Ted Cruz: Gay people should stop demanding equal rights because ISIS would murder them

The Republican presidential candidate is really tired of all your sex questions, liberals

Published May 20, 2015 3:08PM (EDT)

Republican Presidential candidate Sen. Ted Cruz, R-Texas speaks at the Iowa Faith & Freedom 15th Annual Spring Kick Off, in Waukee, Iowa, Saturday, April 25, 2015. (AP Photo/Nati Harnik)  (AP)
Republican Presidential candidate Sen. Ted Cruz, R-Texas speaks at the Iowa Faith & Freedom 15th Annual Spring Kick Off, in Waukee, Iowa, Saturday, April 25, 2015. (AP Photo/Nati Harnik) (AP)

If the left is -- as Ted Cruz asserted this week -- obsessed with sex, then the right might be obsessed with the idea of murdering gay people. Bear with me for a second.

At a campaign event in Texas on Tuesday, GOP presidential hopeful Ted Cruz did what Ted Cruz does so well, which is responding to a question about same-sex marriage with an amalgam of Islamophobia, religiosity, and a not-particularly-sensible shot at the left that included something about The Children.

Echoing his compatriot Sen. Tom Cotton (R), the Texas senator told reporters that marriage equality is not a particularly pressing civil rights issue, because LGBT Americans could have it way worse.

"ISIS is executing homosexuals -- you want to talk about gay rights?" Cruz said. "This week was a very bad week for gay rights because the expansion of ISIS, the expansion of radical, theocratic, Islamic zealots that crucify Christians, that behead children and that murder homosexuals -- that ought to be concerning you far more than asking six questions all on the same topic."

Cruz also implied that marriage equality advocates on the left are "obsessed with sex" -- an odd comment coming from a man so fixated on "the family," seeing as babies are typically made by (gasp!) having sex.

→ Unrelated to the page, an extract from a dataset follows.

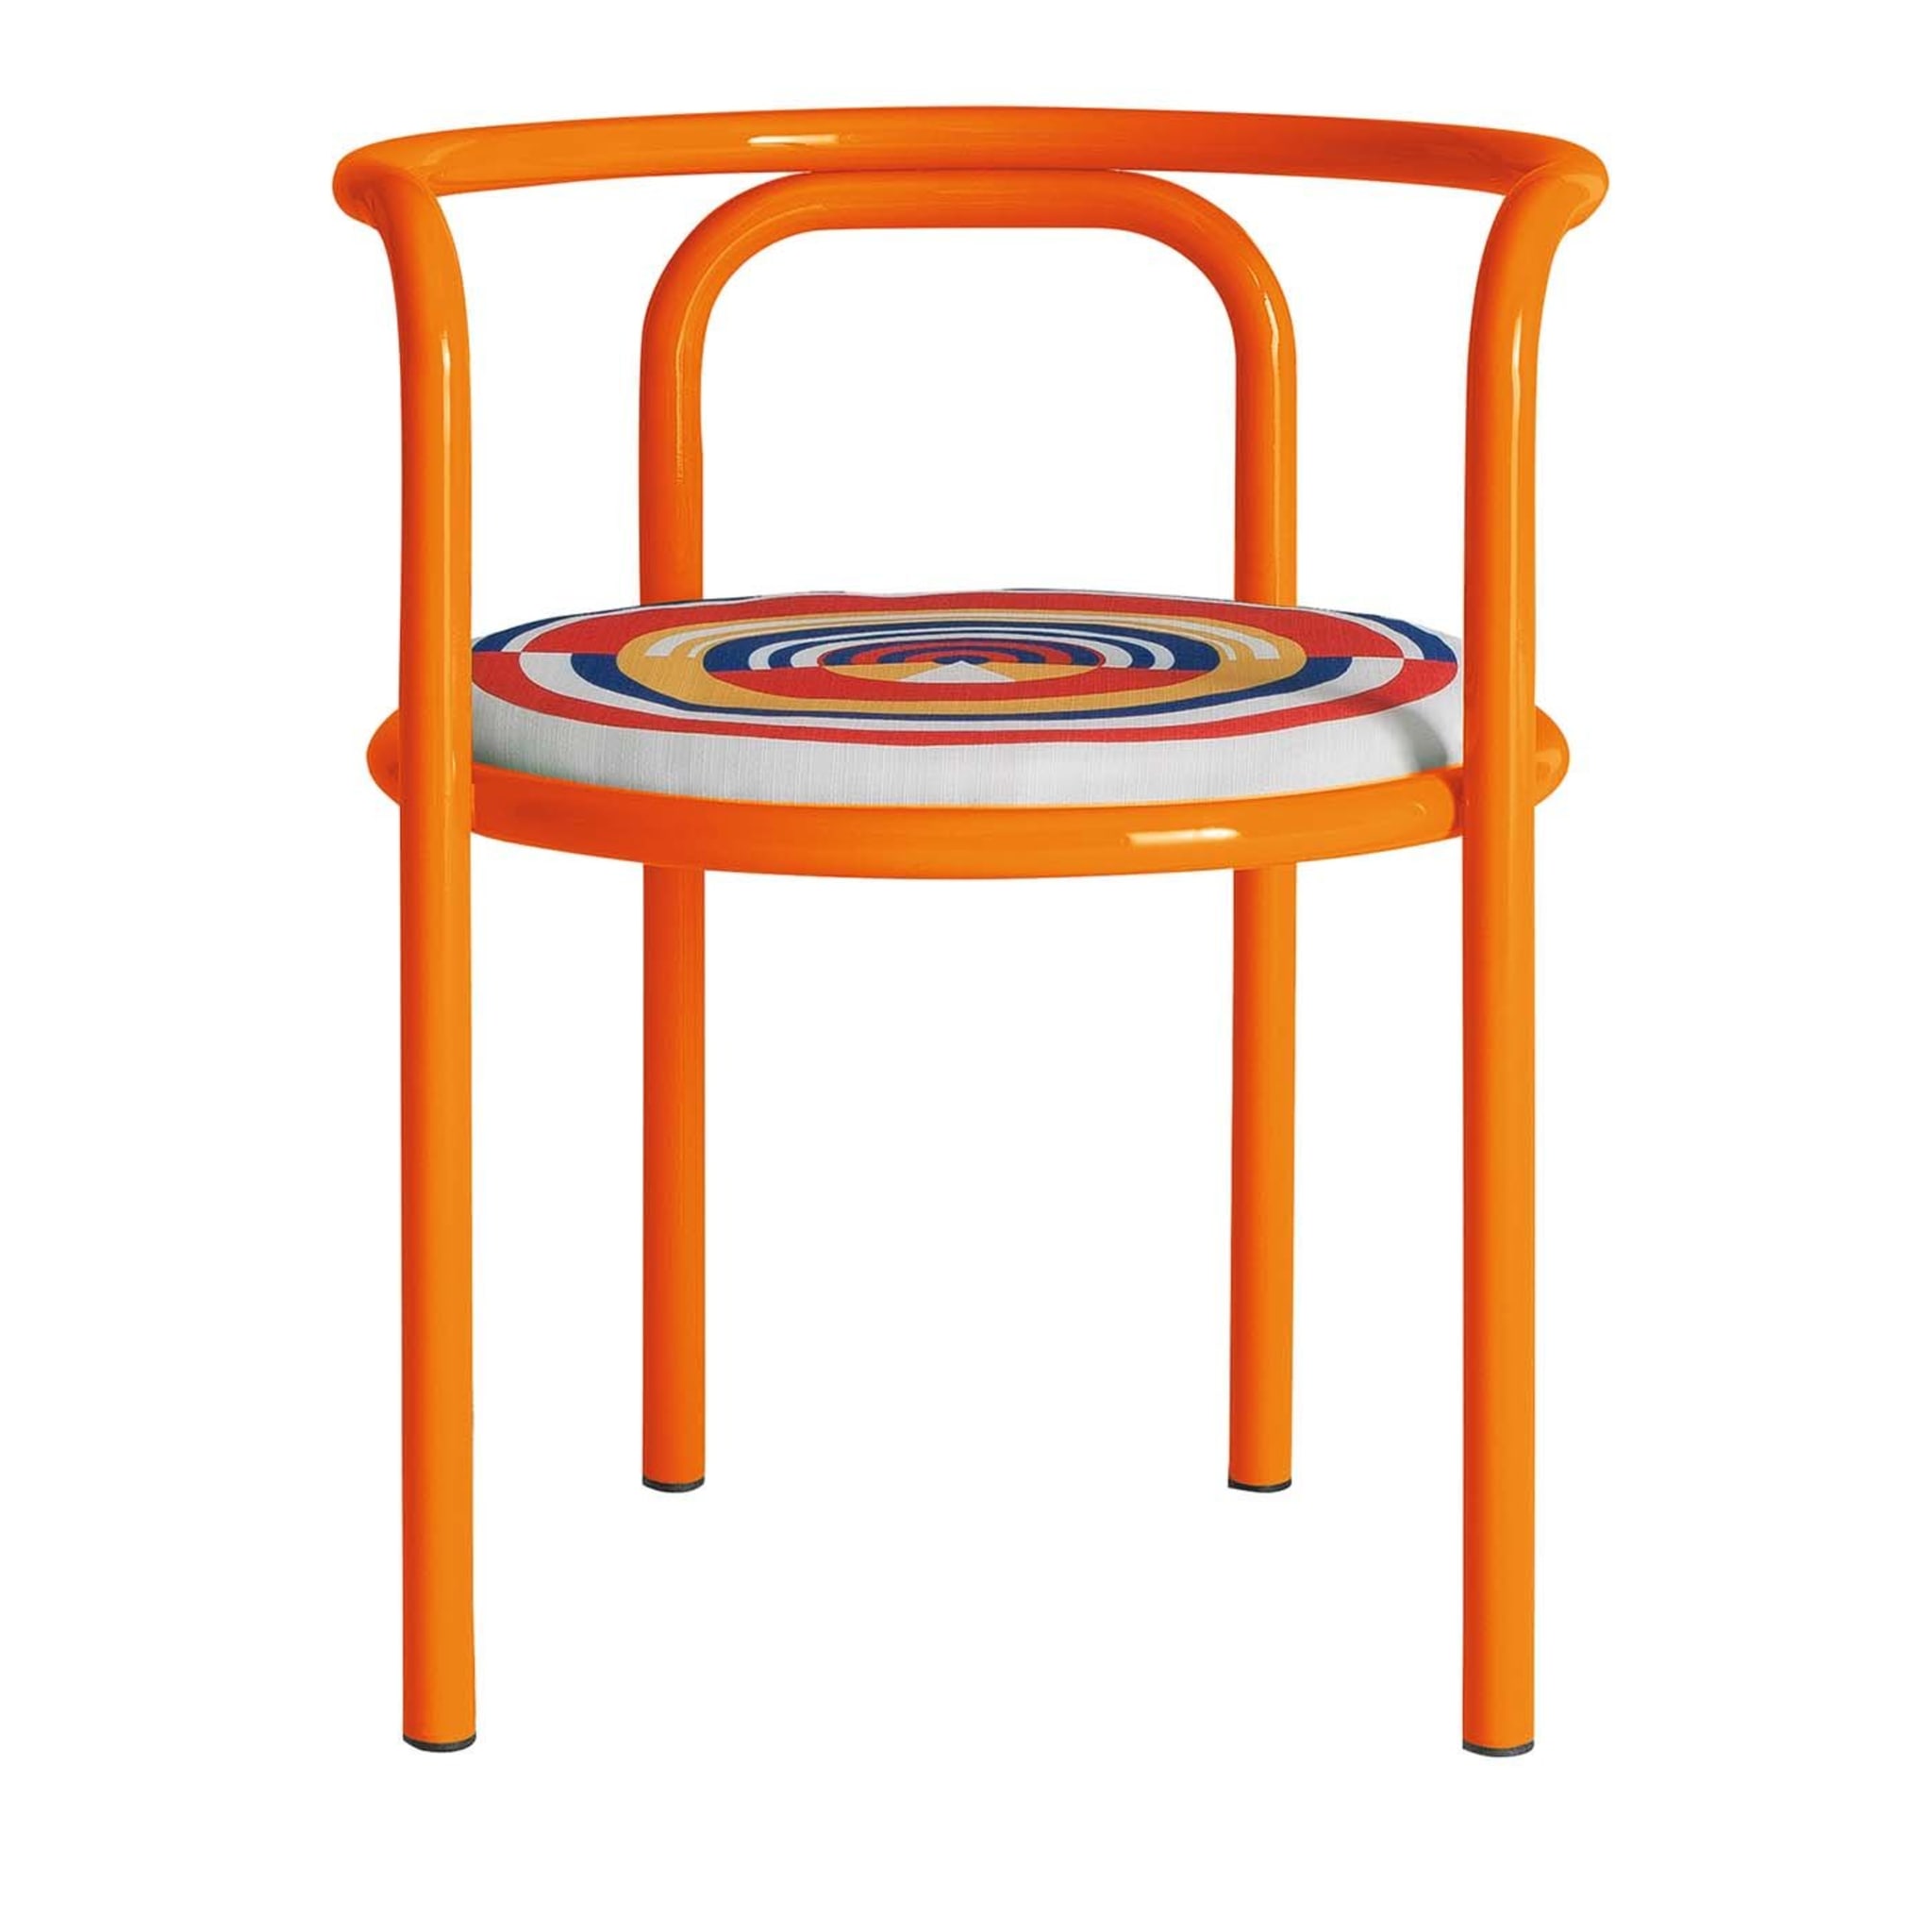 Locus Solus Orange Chair by Gae Aulenti - Main view

But to the candidate's point, which is clearly meant to diminish arguments in favor of same-sex marriage and -- thanks to Cotton -- is also unoriginal, the notion that a demand for equal rights should be mitigated by a little gratitude for not being hanged or beheaded, might actually be a weirder concern than worrying about who gets to have sex with whom within the legal confines of a marriage.

And that certainly is the concern on the right, as has been illustrated not only by politicians' preoccupation with the family, but also by the numerous legal arguments defending same-sex marriage bans, which cite states' interest in promoting procreation as justification. So even if Cruz is right -- even if the left is obsessed with sex -- it means we're all on the same page. It means those for and against marriage equality are concerned with couples committing legally to having sex with one another only. On the sex-obsessed left, that concern turns into a fight for all people to have equal opportunity to have married sex, even in the midst of LGBT persecution around the globe.

For sex-obsessed right-wingers such as Cruz and Cotton, the fight is against all people having equal opportunity to have married sex, which seems like small potatoes in the face of all that aforementioned persecution and execution.

To continue a fight to withhold rights, while at the same time acknowledging life-or-death concerns in other countries that might, in fact, be graver than marriage, is petty and hypocritical. It also highlights how often right-wingers think about murdering gay people, which might be more troubling than how often they think about sex.